Why This Recipe Resonated With Me

This recipe isn't just about tasty food; it also reflects my values. It highlights the importance of using fresh ingredients and balancing flavors to create a dish that is both flavorful and nutritious. I love how simple this dish is to prepare and yet how incredibly delicious it tastes. The flexibility in the recipe also allowed me to add my own personal touch to it.

In a world of fast food and instant gratification, taking the time to prepare a meal like this feels like an act of rebellion—a rebellion against blandness, against processed food, and against the notion that cooking must always be complicated. This avocado edamame potsticker recipe is a powerful reminder of the joy, satisfaction, and deliciousness that can be found in a simple, home-cooked meal. It’s a recipe I'll be making again and again.

Step-by-step

    • Add half of the avocado and about three quarters of the cooked edamame to a blender. Blend until smooth, adding just a splash of water if needed.
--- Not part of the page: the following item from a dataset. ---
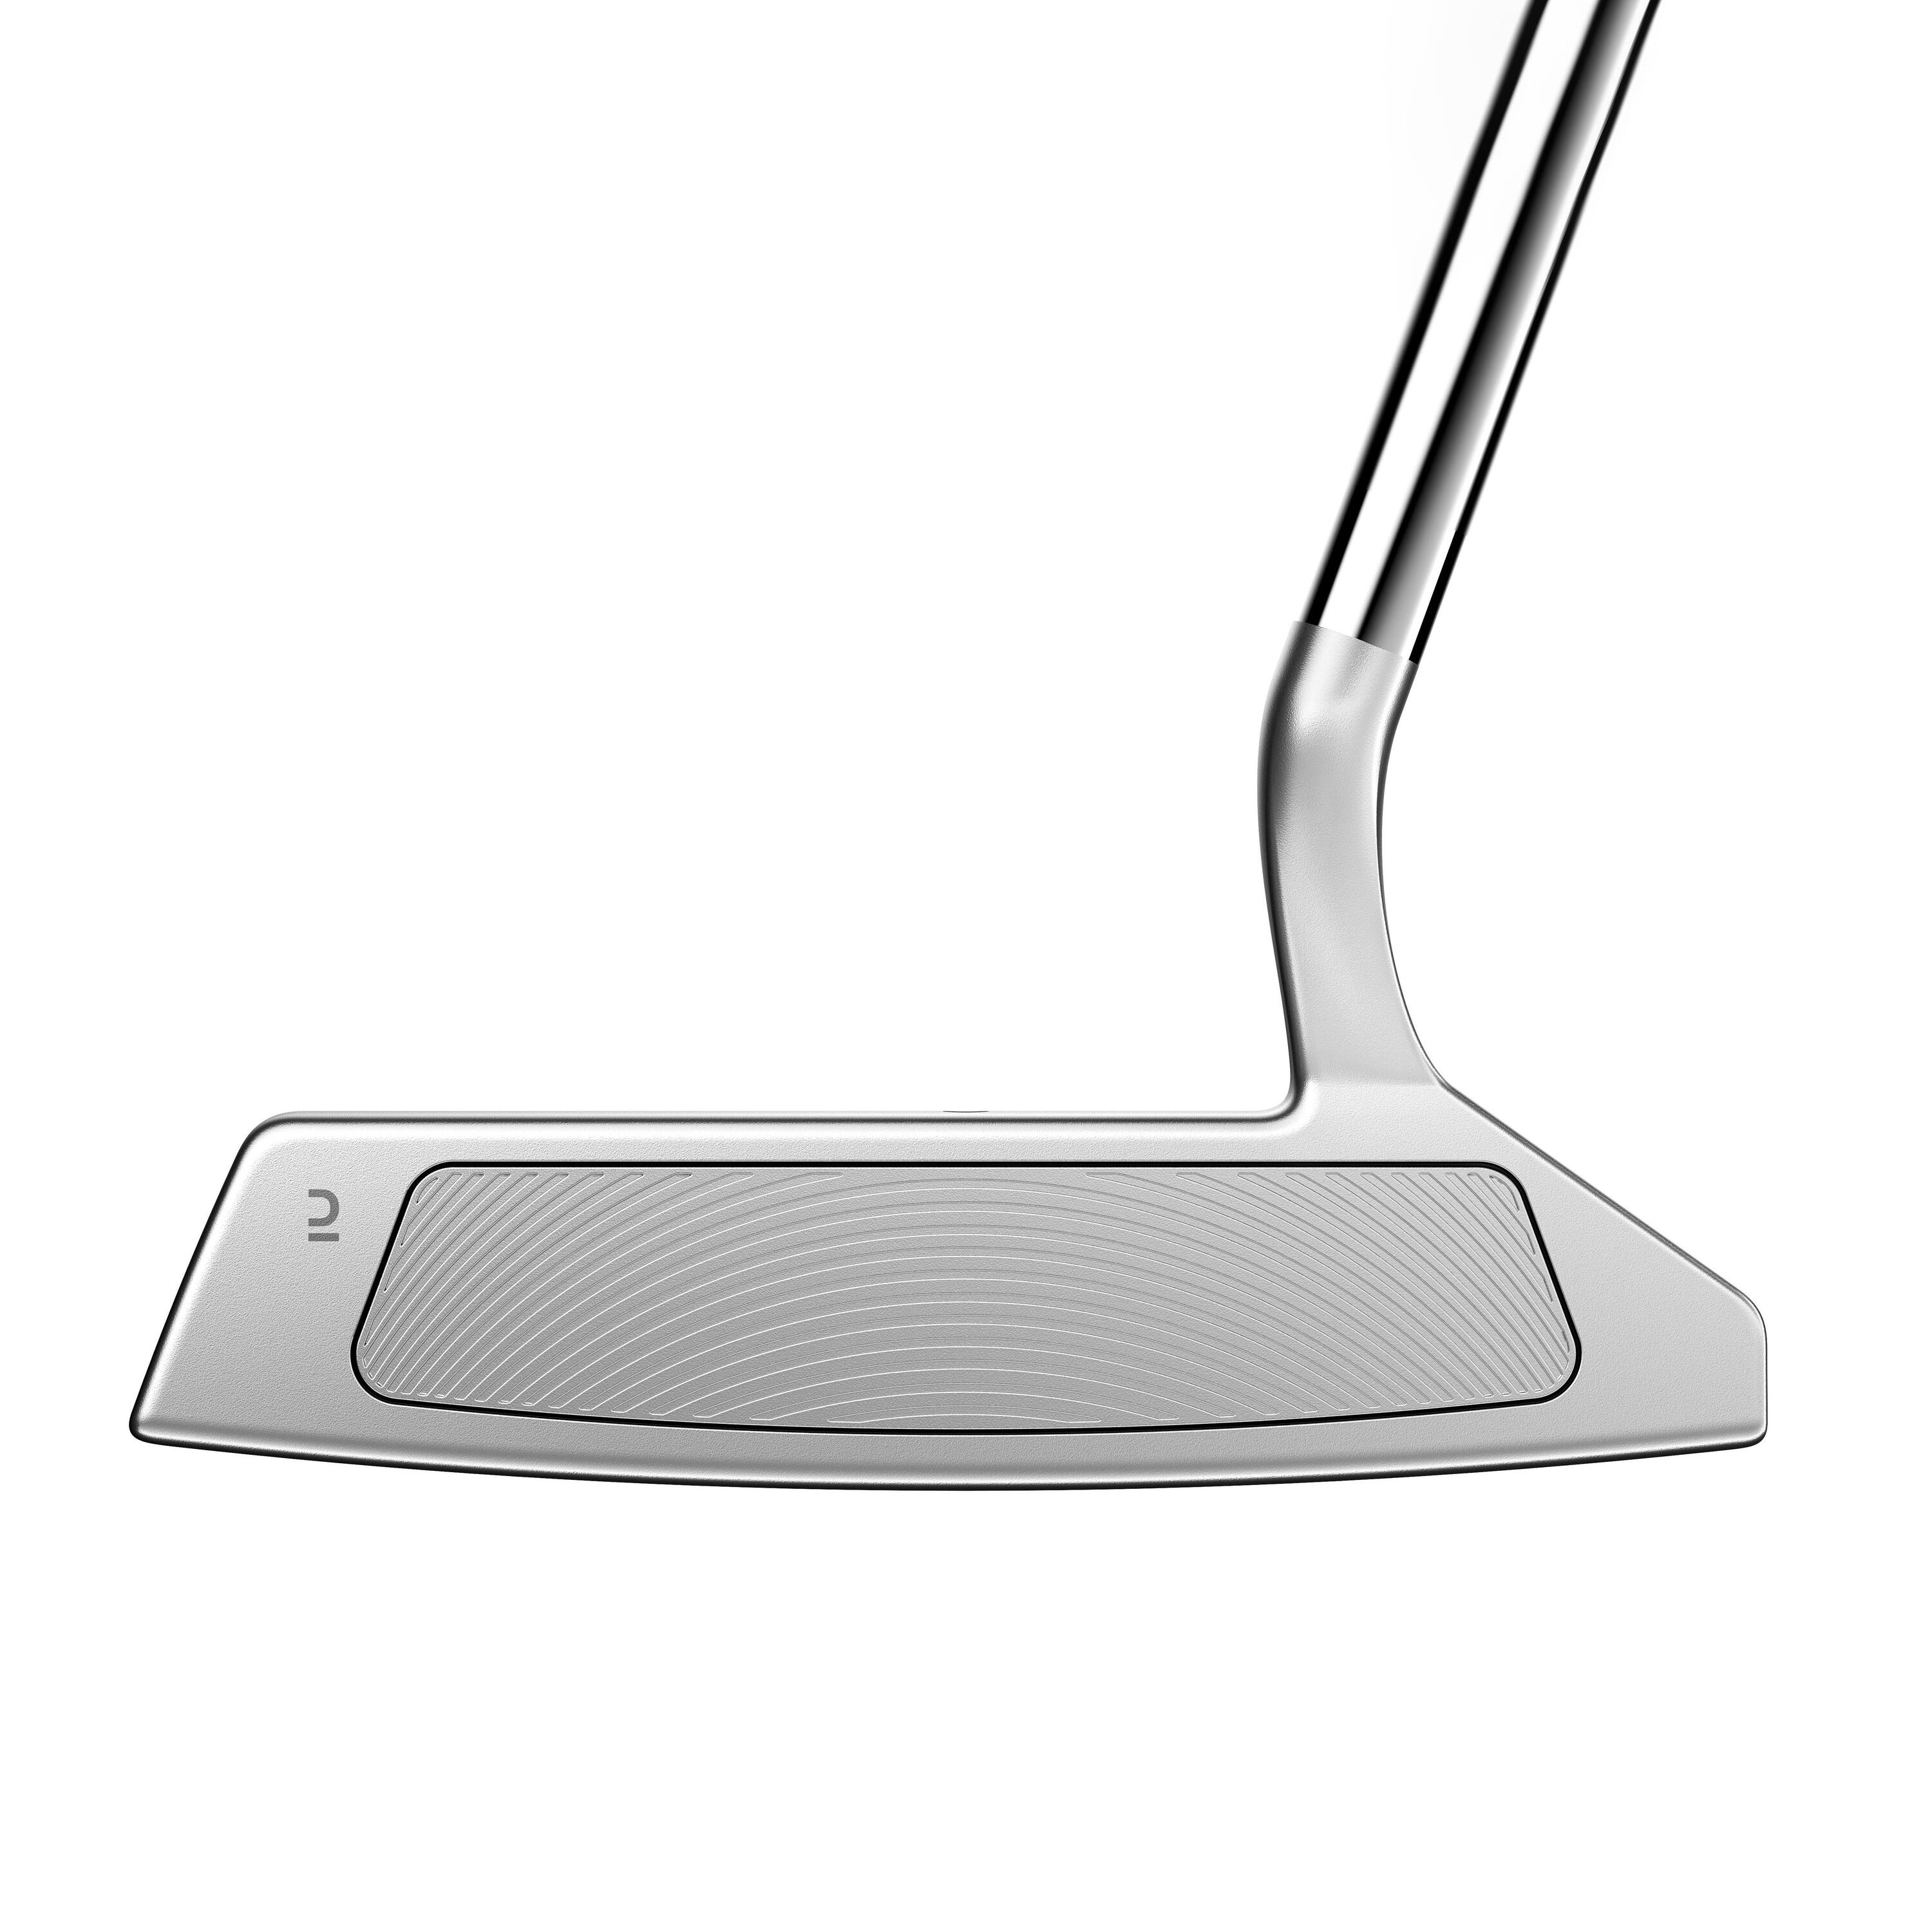 Toe hang golf putter right handed - INESIS blade 4/7

If you don't have a blender that's small/powerful enough to handle this, then you should thoroughly mash together the avocado and edamame instead.
    • Put the mixture in a mixing bowl. Add the remaining edamame and chopped avocado, ginger, garlic, bok choy, green onions, and seasonings.
    • Stir to combine and add any other seasoning to taste.
    • Prepare at least one baking sheet lined with parchment paper or a Silpat-type liner. (Note: this is just the easiest way to store the potstickers while you prep them; you won't be actually baking them. Use a plate or cutting board if that is easier.) Keeping the unused wrappers or dough covered, place a small scoop of filling in the center of a wrapper.
    • Using water, lightly wet around the edge of the wrapper. Fold it in half and use your fingers to cinch it closed. Place the filled dumpling on the prepared baking sheet.
    • Repeat with remaining dumplings.
    • Cook according to package or dough instructions. Serve with your favorite dipping sauce - I use a simple mixture of tamari and sriracha.
    • These freeze very well - freeze uncooked potstickers on the baking sheet in a single layer. When they are fully frozen, you can transfer them to an airtight container. This is so that they don't freeze together into a giant dumpling blob. They can go straight from the freezer to the pan when you're ready to cook them.